Un député malaisien estime que les fillettes de 12 ans peuvent se marier, notamment après un viol

Un député malaisien estime que les fillettes de 12 ans peuvent se marier, notamment après un viol
Une polémique a éclaté après qu'un député malaisien a tenu des propos sur le mariage des enfants

Lors des débats, au Parlement de Malaisie, autour d'un texte visant à lutter contre les agressions sexuelles sur mineurs, un député a estimé que si les fillettes violées épousaient leurs agresseurs, elles s'épargneraient «un avenir sombre».

Le 4 avril, en marge d'un débat parlementaire sur une loi pour combattre les agressions sexuelles sur enfants, le député malaisien Datuk Shabudin Yahaya a émis une «suggestion» pour le moins particulière, rapporte The Guardian : tout en admettant que le viol était un crime, il a considéré qu'un mariage entre l'agresseur et sa victime pouvait éviter à cette dernière «un avenir sombre».
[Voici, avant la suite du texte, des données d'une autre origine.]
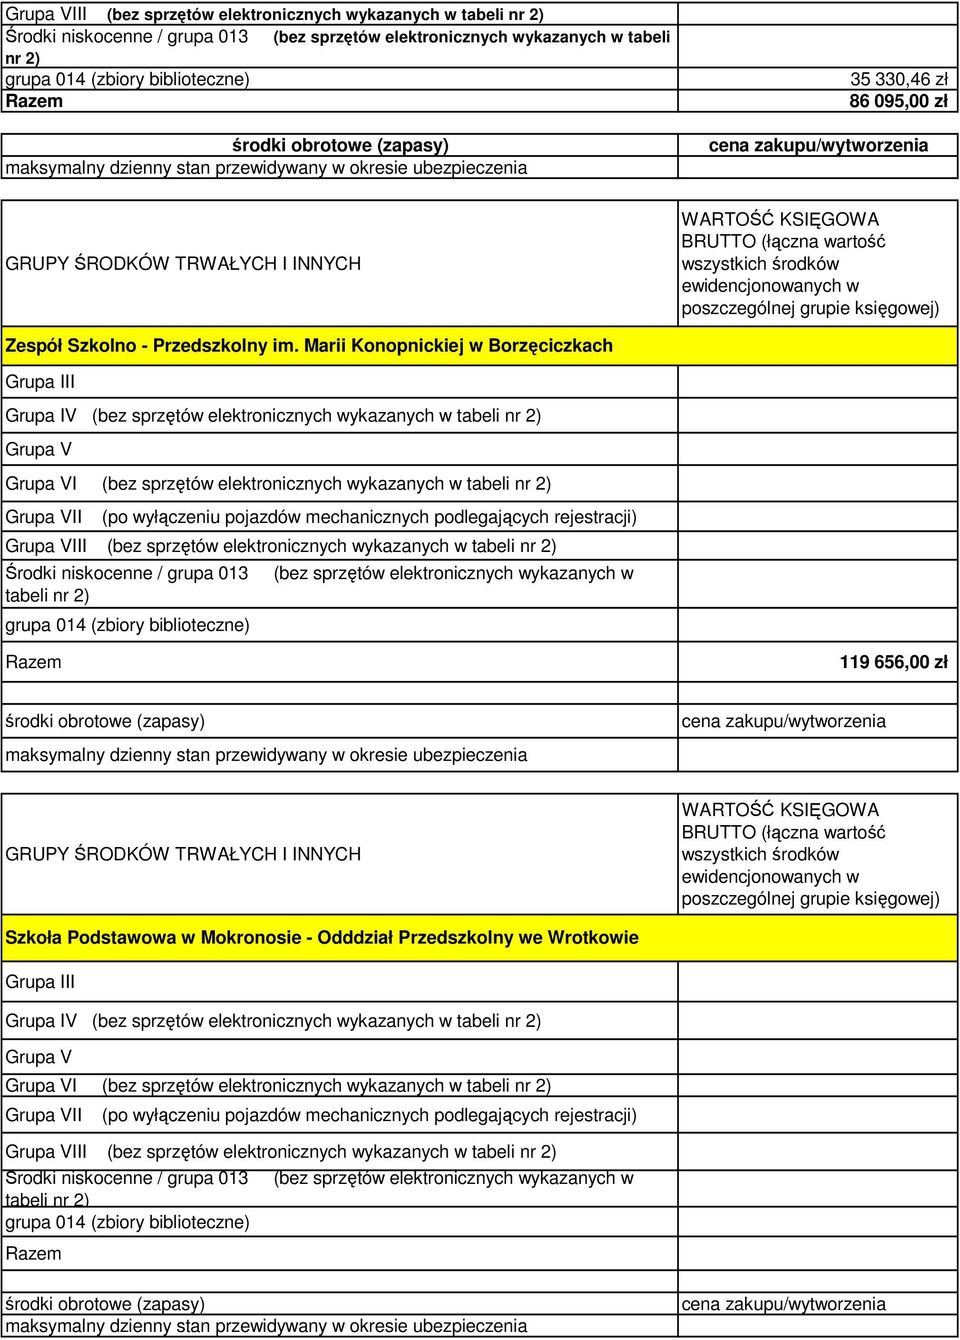 Marii Konopnickiej w Borzęciczkach Grupa IV (bez sprzętów elektronicznych wykazanych w tabeli nr 2) I (bez sprzętów elektronicznych wykazanych w tabeli nr 2) II (po wyłączeniu pojazdów mechanicznych
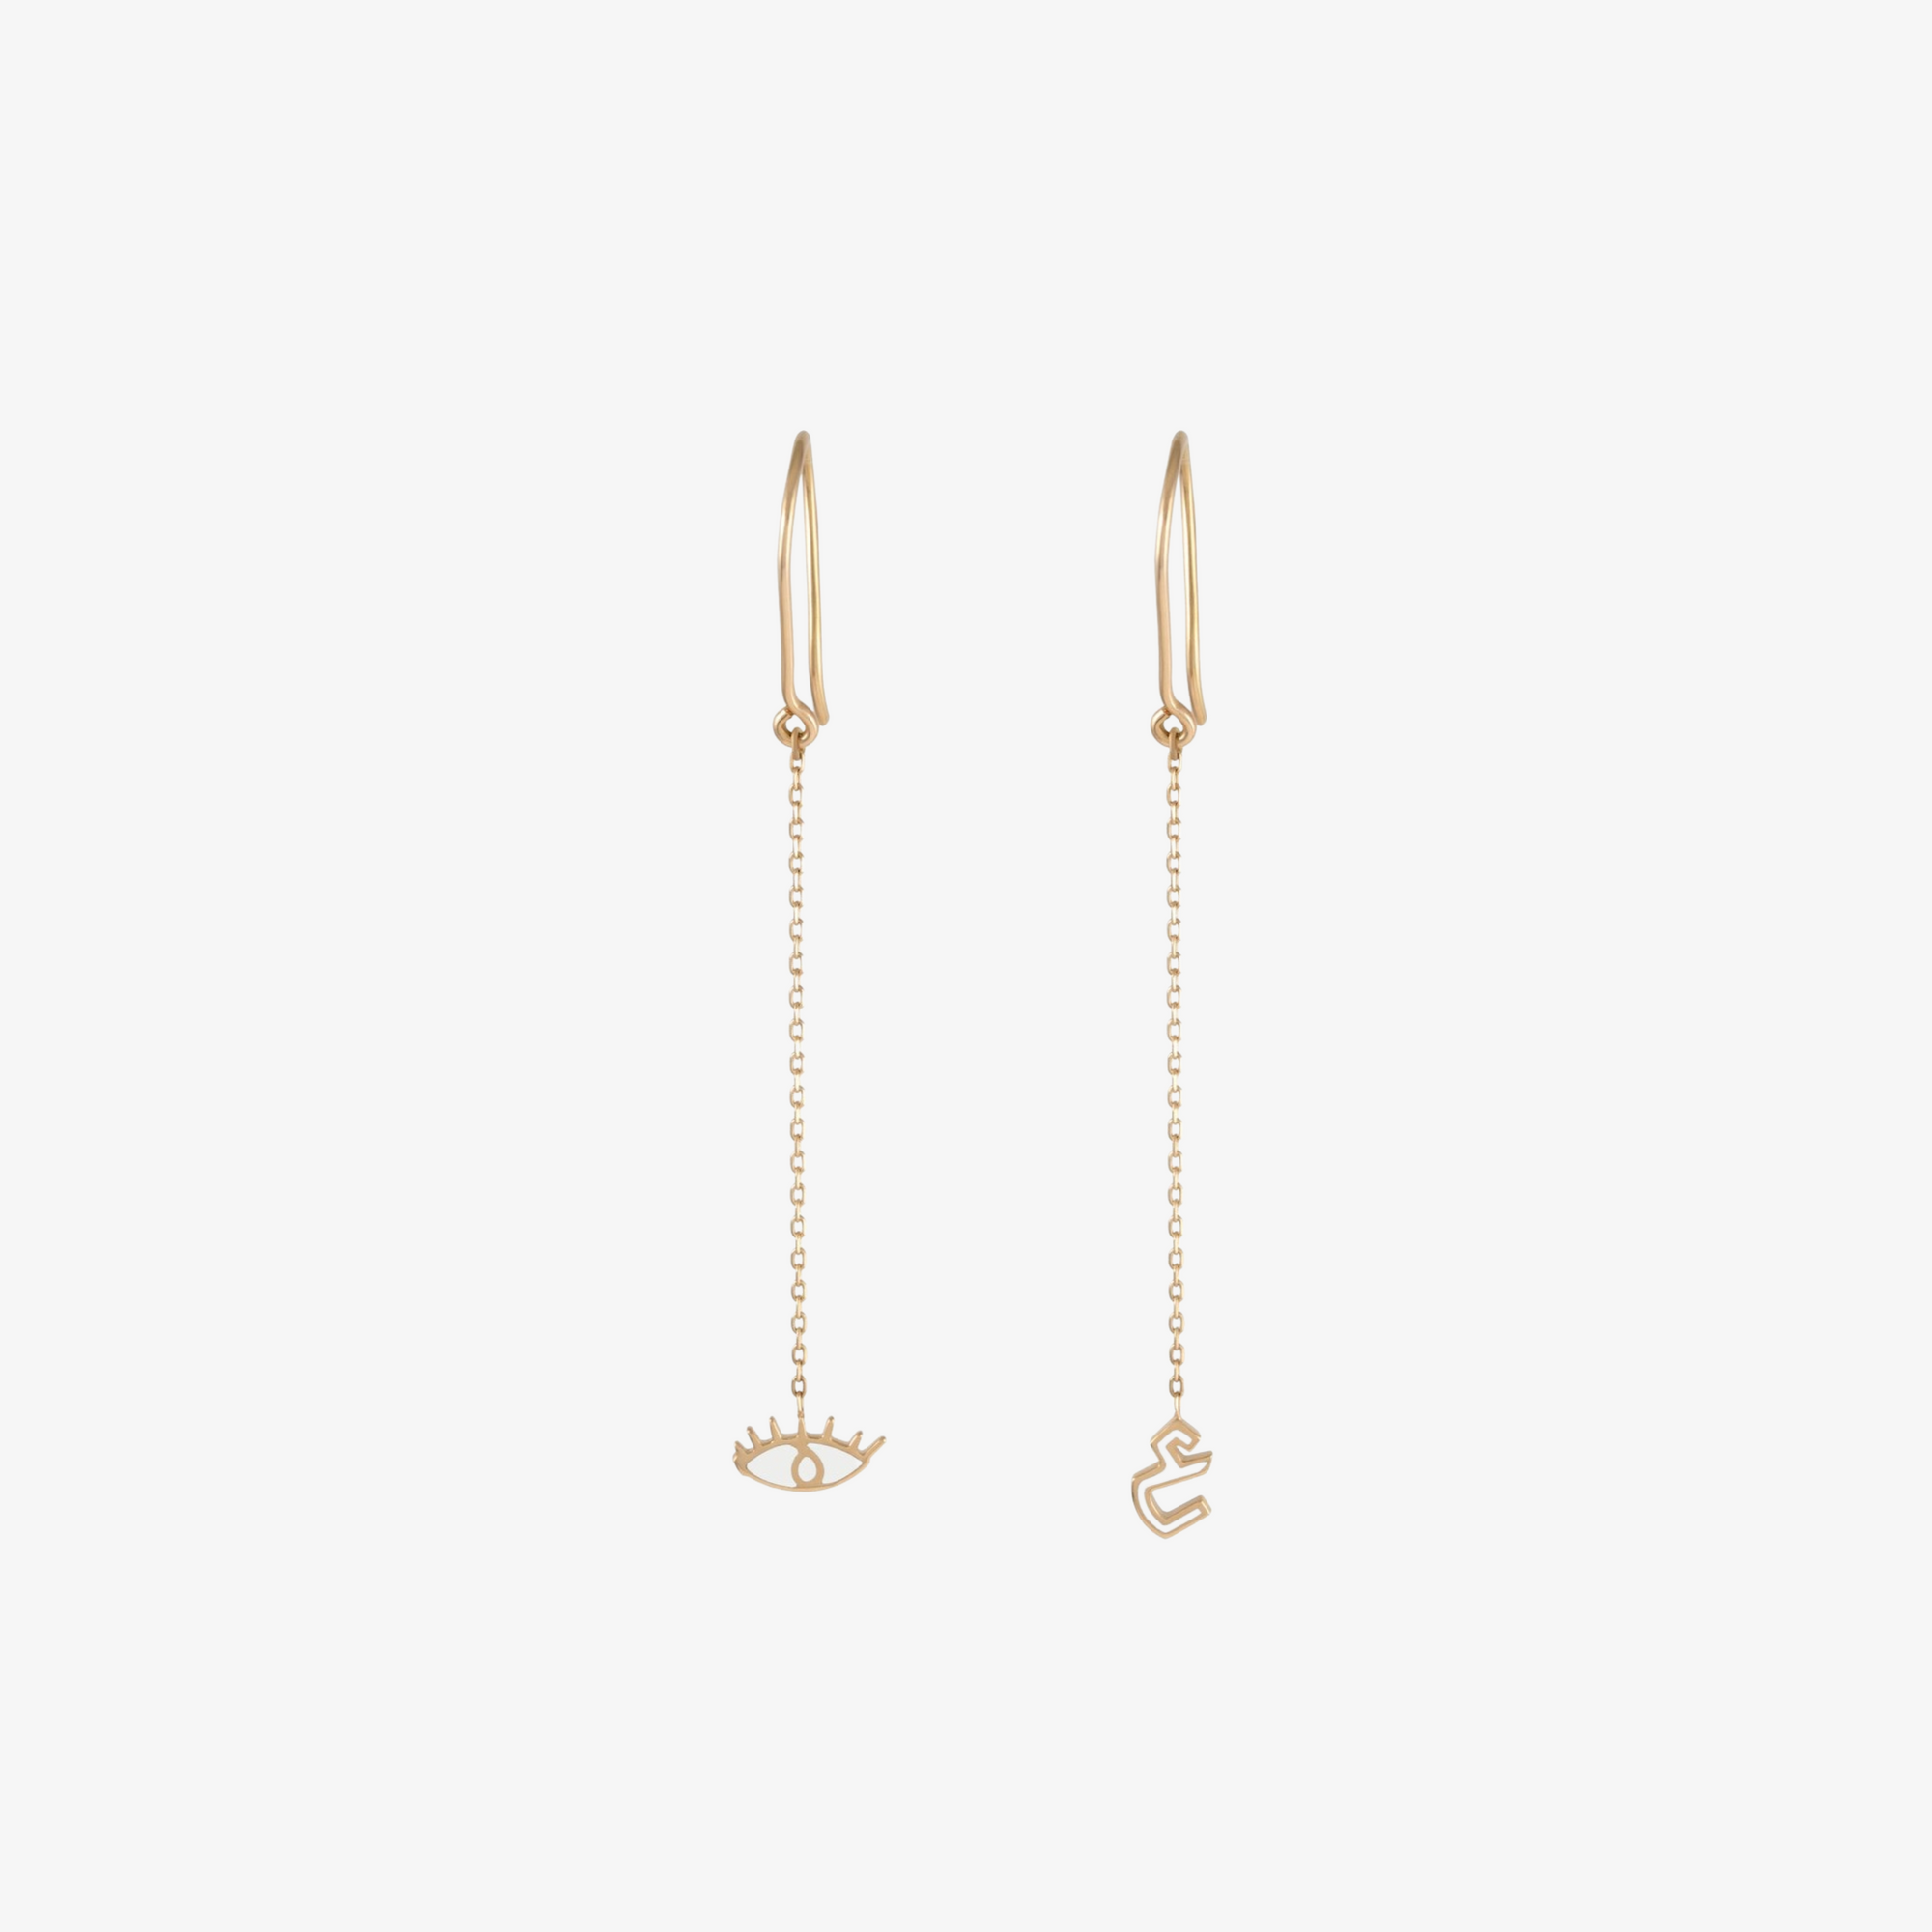 OULA - Gold & Enamel Letter Earrings

«Au moins, elle aurait ainsi un mari, et cela pourrait servir de remède contre l'augmentation de ces problèmes», a estimé le député, ancien juge chargé d'appliquer la charia. Selon lui, les jeunes filles de 12 ans seraient en effet «spirituellement et physiquement» prêtes pour le mariage. 

Les propos du député ont suscité une vague d'indignation dans l'assistance. Sharmila Sekaran, présidente de l'association de défense des droits des enfants Voice of the Children, était présente au moment où le parlementaire a tenu ces propos qu'elle a qualifiés de «choquants». «Le message envoyé au pays est très préoccupant», a-t-elle ajouté, soulignant que cela revenait à dire : «Allez violer qui vous voulez, et si vous vous faites attraper, demandez-la en mariage.»

Dans la région du Penang, dont Datuk Shabudin Yahaya est élu, ses déclarations ne sont pas non plus passées inaperçues. Le ministre de cet Etat de l'ouest de la Malaisie a exprimé sa «honte», comparant cette polémique à une «tache noire».

Si les propos du député ont défrayé la chronique, les différentes associations de lutte pour les droits des enfants se sont félicitées de l'adoption, en fin de séance à l'Assemblée, du texte de loi qui y était débattu. Celui-ci devrait, selon Sharmila Sekaran, assurer «une meilleure protection légale aux enfants».